By MIGUEL SANTIESTEBAN
CANTON, Ga. – Every morning, Dolman Martinez goes to the Chevron gas station on Marietta Road in Canton, Georgia. Martinez is usually one of the first people to get picked up to work for residents in the city who need a day laborer, but last Monday, he seemed to not have any luck. Martinez put his head down and started walking back home. “Beep beep!” Suddenly, a man in a pick-up truck pulled up and asked Martinez to work for him. “Hijole, no me lo esperaba,” Martinez said before getting into the passenger seat. What Martinez did not know was that he was going to remember this Monday for a very long time.
Martinez, just like many other Hispanics in the city, is a day laborer who has to hunt and/or wait for a job every day at the Chevron gas station, which is also known as “La Parada.” He said local Hispanics named this place “La Parada” to define a meeting point for all the people who were out of work. The meaning of “La Parada” is “The Stop,” which perfectly fits the system of how things work with day laborers at this gas station. Canton Residents, especially Americans, go to “La Parada” in their vehicles and pick Hispanics up to do jobs at their homes such as landscaping, construction, and house cleaning. The problem is that if you do not get picked, you do not earn any money that day.
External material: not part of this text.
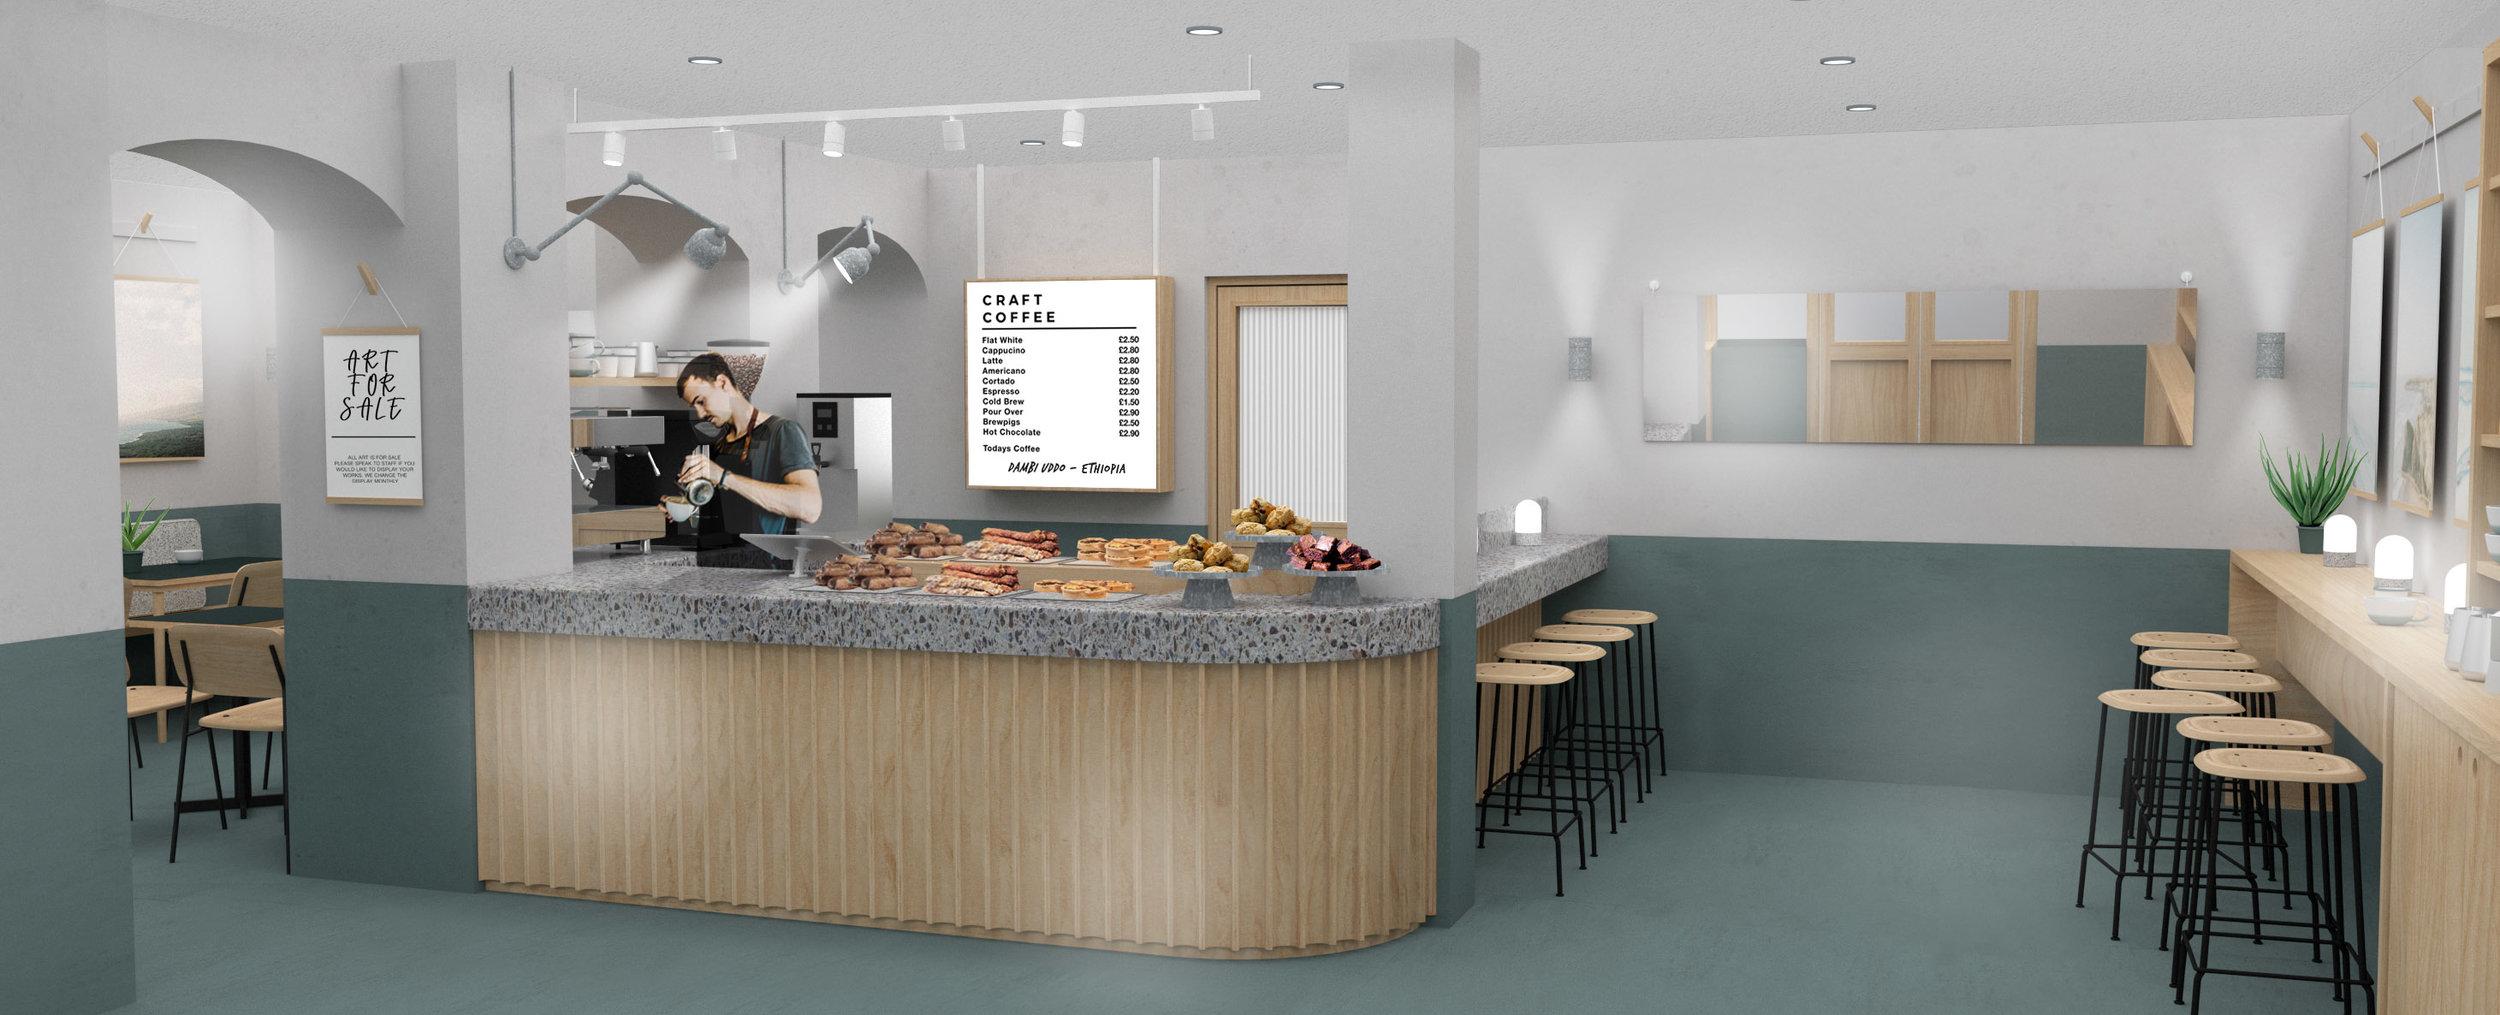 lunarlunar_interior_design_cafe_craft_coffee_banquette_hastings_Counter.jpg

“The secret at La Parada is to be clever,” Martinez said. “You got to move fast because everybody is looking to get picked, everybody needs to work.”
The 23-year-old day laborer arrived in the United States in 2013 to look for more work opportunities. After long weeks in the desert, Martinez was able to cross the border, leaving his whole family behind in Guatemala. Martinez has lived in Canton since then. He said he likes the city a lot because there are jobs to do, and unlike his hometown, it is a really safe place. However, Martinez does not have a stable job, so he must go to “La Parada” every day of the week.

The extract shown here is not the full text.